Commissioners Mariella Smith, Kimberly Overman, Gwen Myers and Harry Cohen shared many of the same concerns, mostly centering around questions regarding the company that will manage the facility — the Florida Cultural Group (FCG). Formerly known as The Manatee Players, Inc., the FCG is an umbrella organization that operates the Manatee Performing Arts Center, and the Manatee Players community theater.

Smith questioned why the operations would be handled by a Manatee-based company, as opposed to the local New Tampa Players (NTP). But NTP, which would make its home at the new PAC, is a much smaller organization that has never handled the management of a theater. It currently operates out of its recently completed Uptown Stage location in the University Mall on E. Fowler Ave.

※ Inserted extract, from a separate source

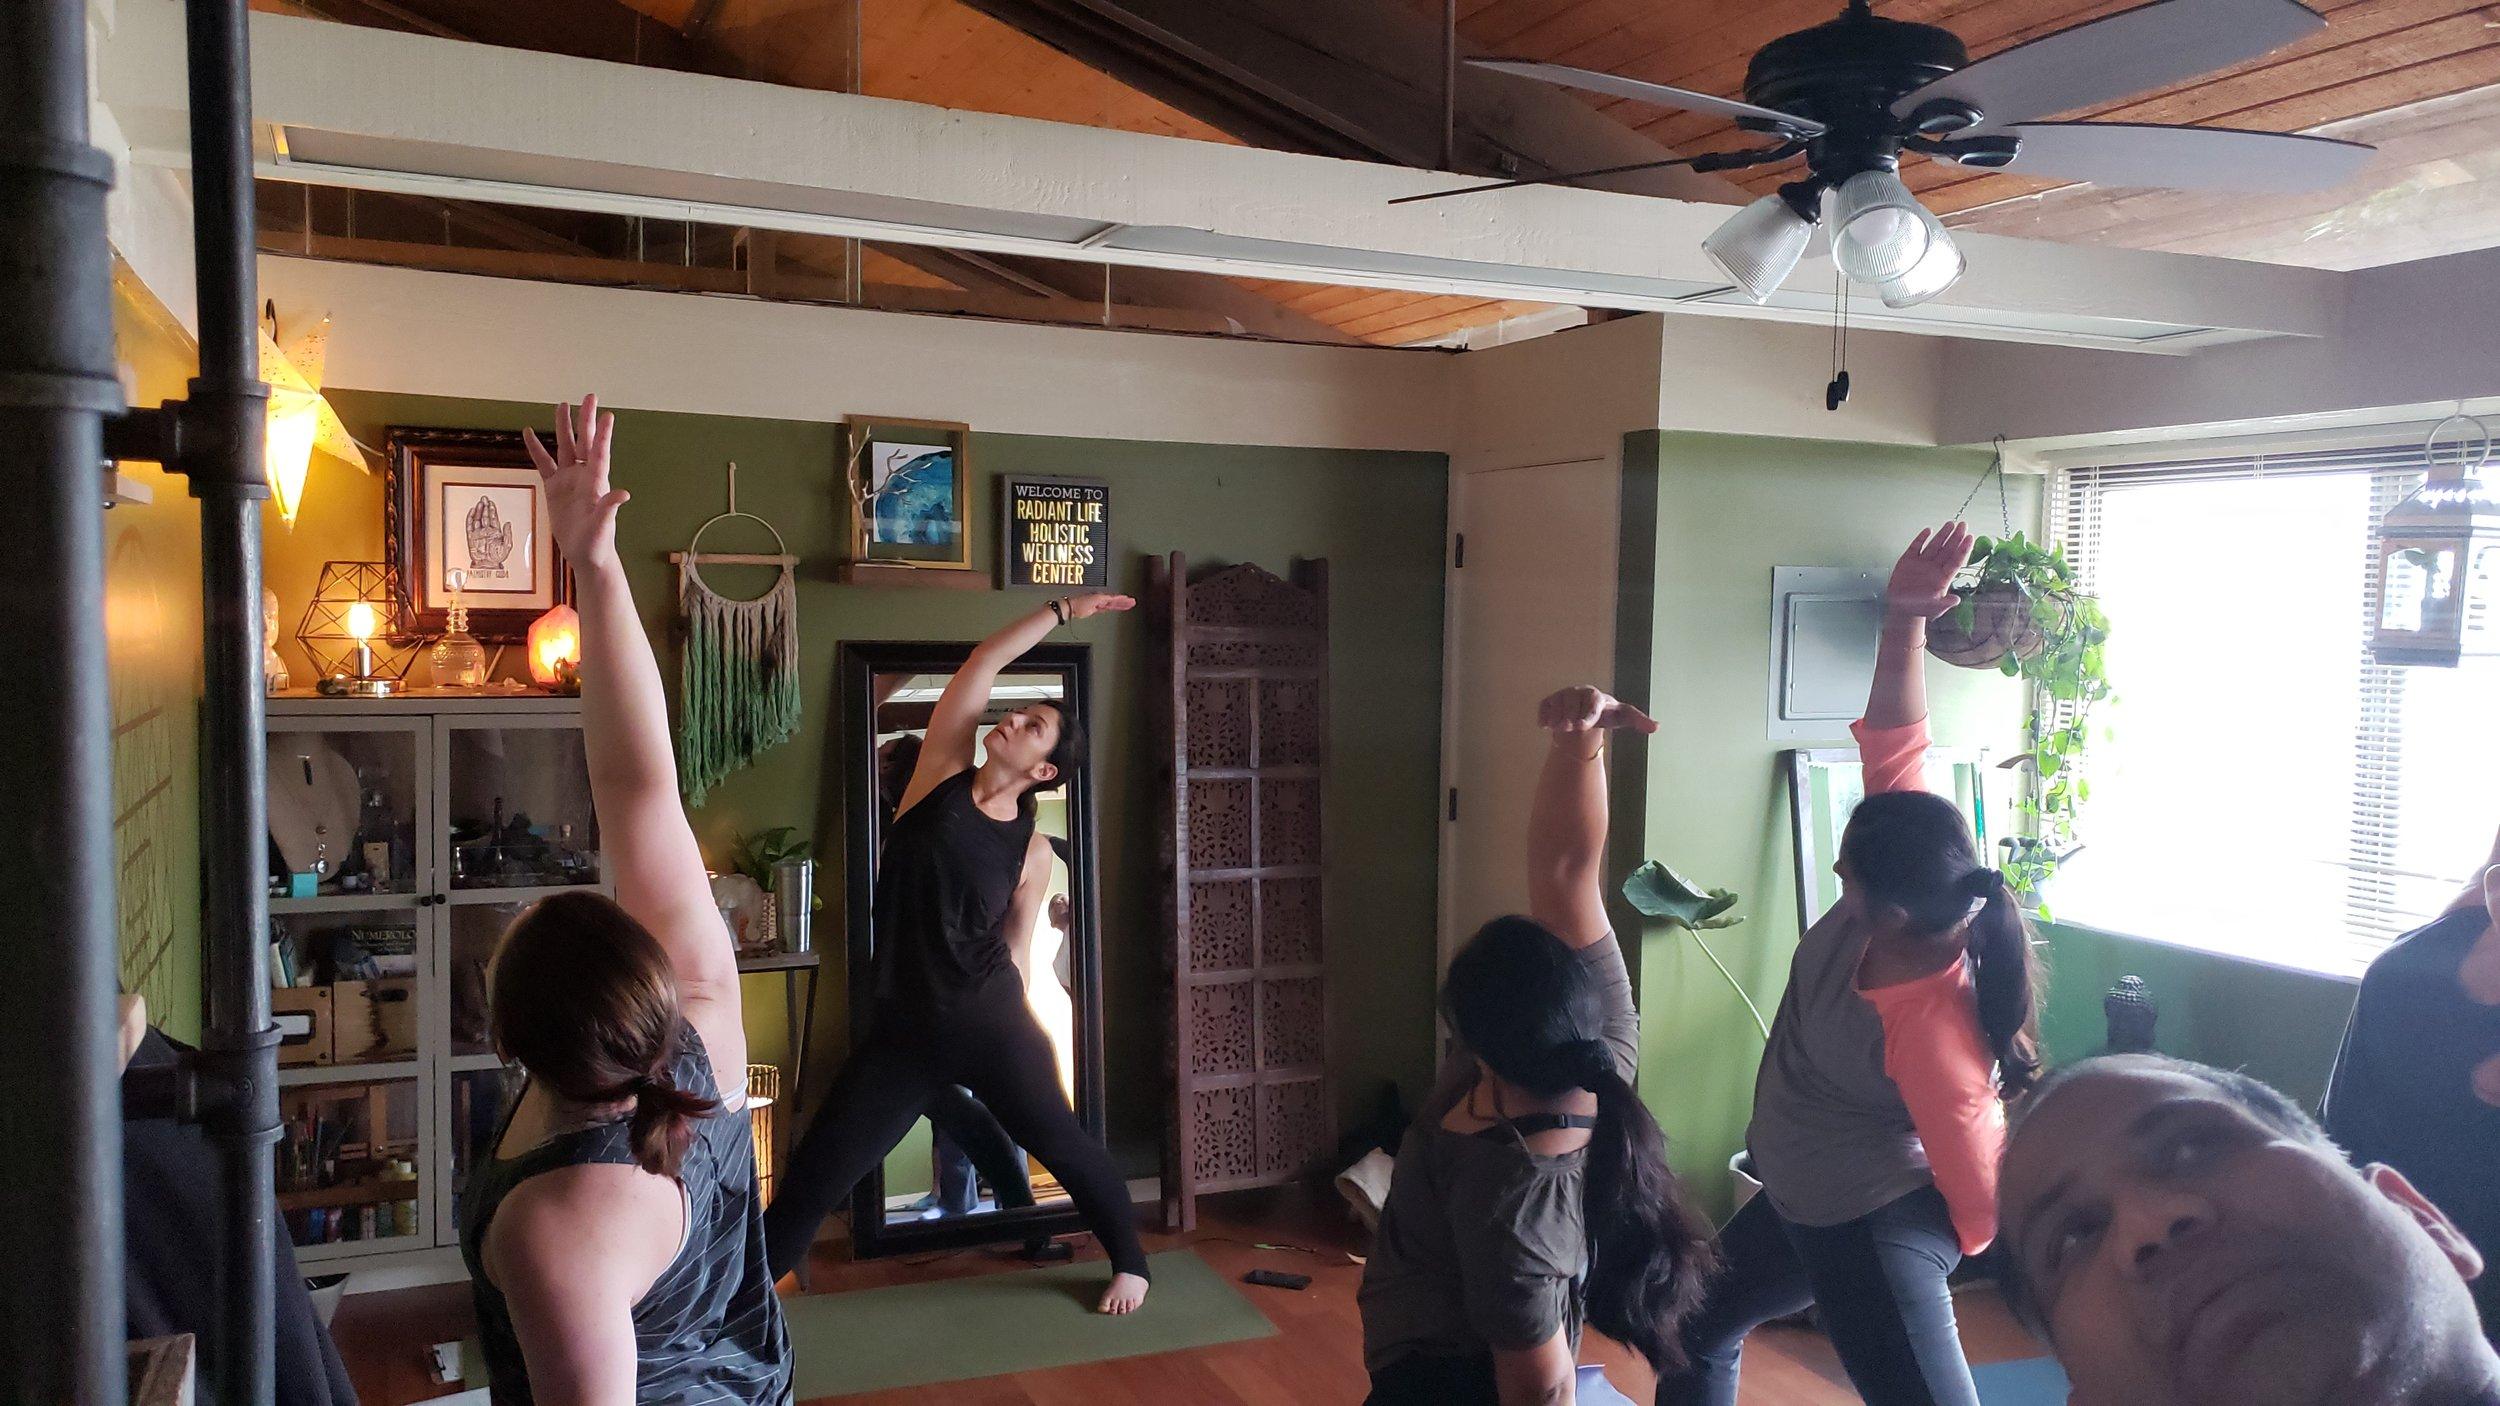 Gina LaBarbera - Beginner Vinyasa Flow Yoga Class
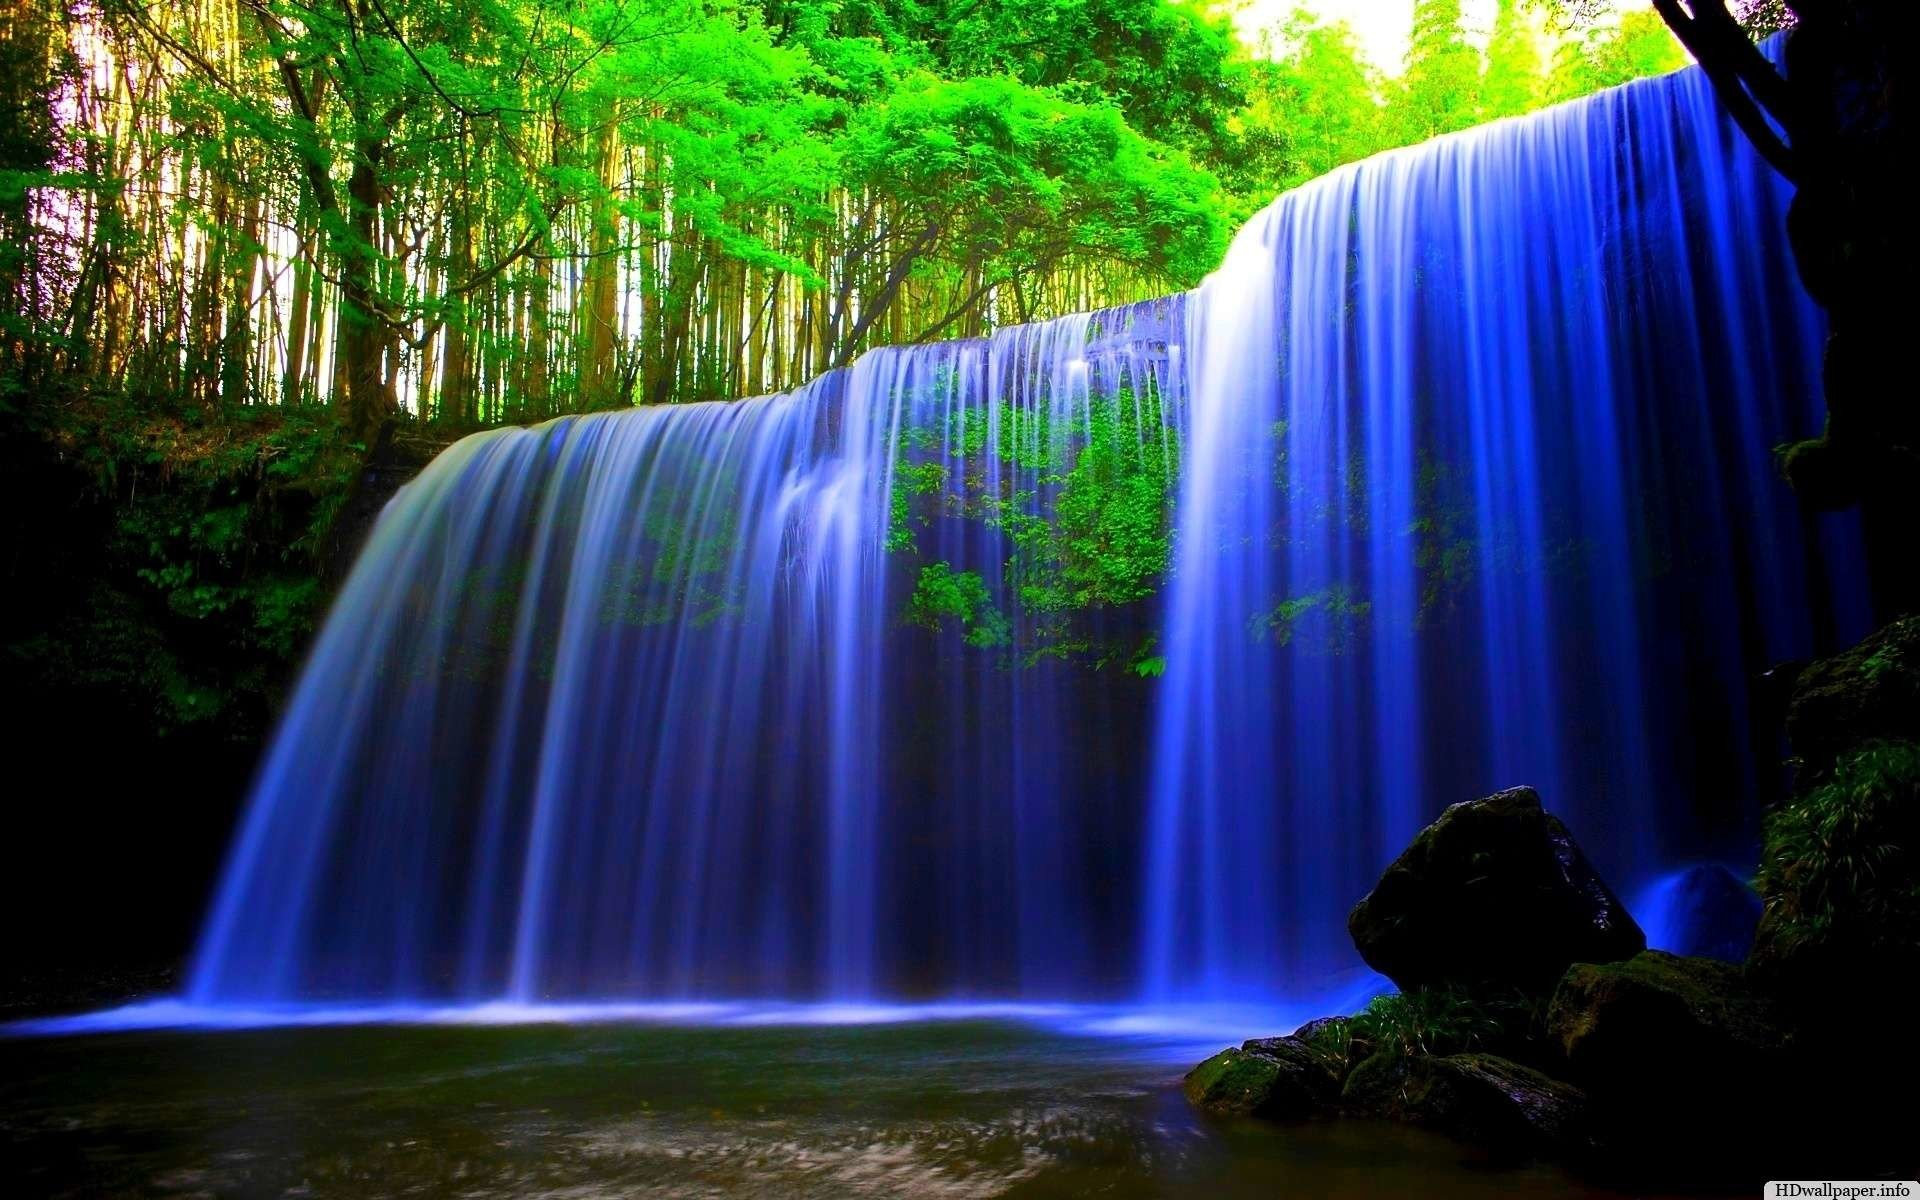 Hd wallpaper waterfall – Hd Waterfall 3d Live Wallpaper

“I just have a concern about the county putting $8 million into a 20,000-sq.-ft. edifice somewhere where there’s not more local community control,” Smith said, while also voicing concern that the City of Tampa was not contributing to the construction when the facility is located in Tampa. However, as Hagan pointed out, the PAC is just as close to residents in the unincorporated area of New Tampa as it is to those in the area living within city limits.

Overman said with so many of the county’s capital improvement projects having to be deferred in these cash-strapped times, she was not necessarily opposed but, “the timing just feels wrong
..I just can’t support moving this forward right now.”

Cohen also had concerns about the arrangement with FCG.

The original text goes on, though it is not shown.